The Martin book was one of his early novels predating the Song of Fire and Ice books, and while not as intense and thought provoking as those books, was a solid page turner for reading in-flight. Hadn't heard of it until getting it for Chrismtas from my sister, whom I'd gotten into the SoFaI books a couple of years ago. Book is a fantasy tale about this group of islands that communicate amongst themselves via a bunch of flyers, who use these glider-like wings to glide between islands. Definitely worth picking up if you are a Martin fan.

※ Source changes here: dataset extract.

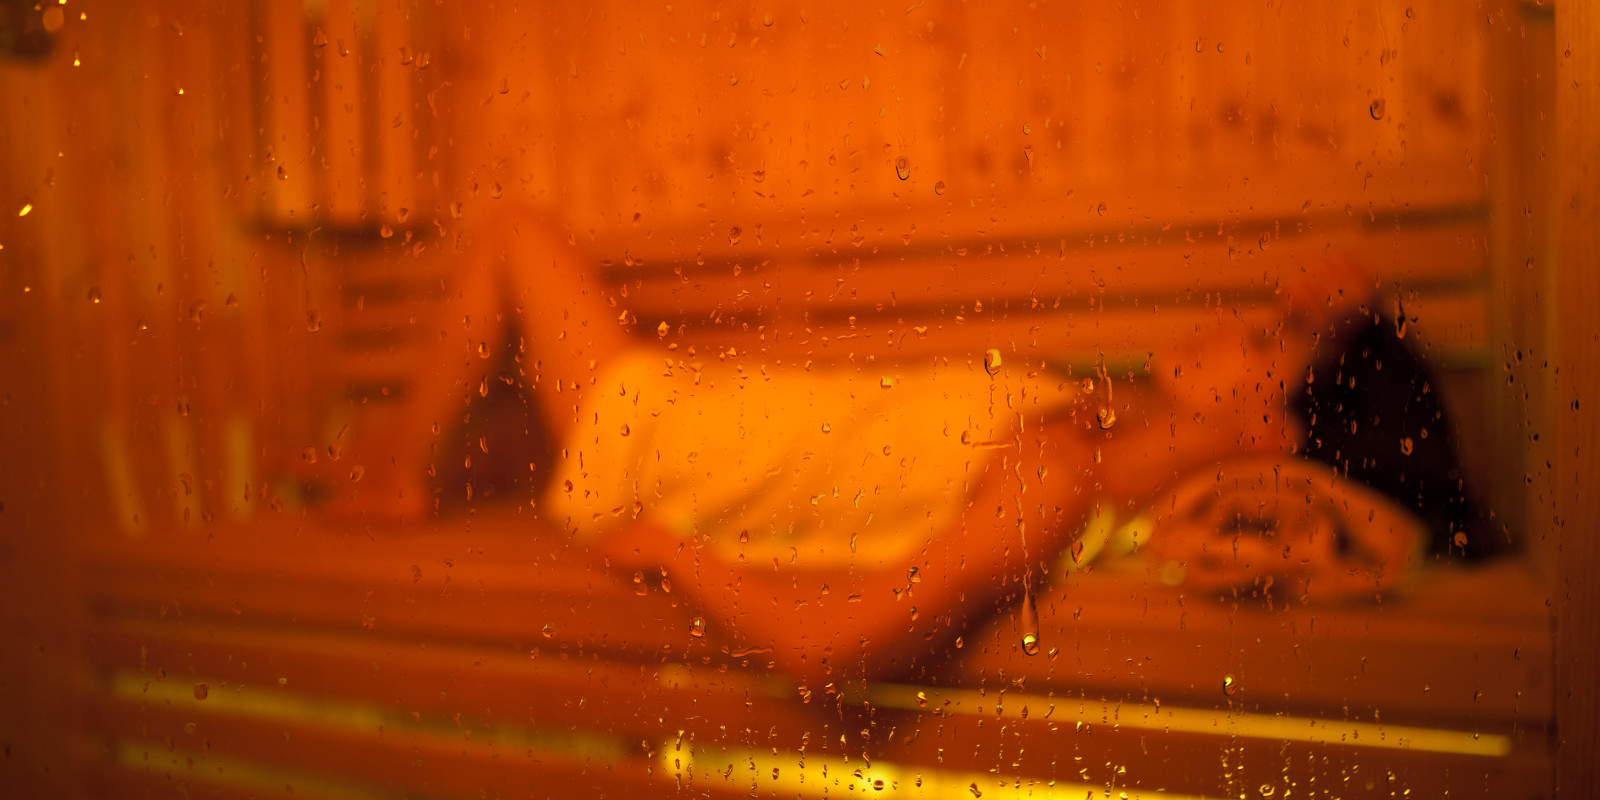 Frau nimmt ein Dampfbad, um gegen ihre Long Covid Symptome anzukämpfen

Third was one I picked up at the airport since I had finished my other two books I had along and needed something for my next leg. I hadn't read any of his books but had heard good things about his writing in here for books like "Lamb", "Practical Demonkeeping", or the "Lust Lizard of Melancholy Cove" and this one happened to be available in one of the bookstores there. Must say that I really enjoyed his writing and found his humor really appealed to me as I found myself literally LOL on many occasions when reading the book. Don't know if the author intended this to be a spoof on all of the vampire novels that are so popular out there right now but it was hilarious nonetheless. Will definitely be picking up some of his other books to add to my short list of authors with a similar witty humor like Tom Robbins or Terry Pratchett's Discworld novels that I read when I want to laugh and read something on the lighter side. Perfect summer reading.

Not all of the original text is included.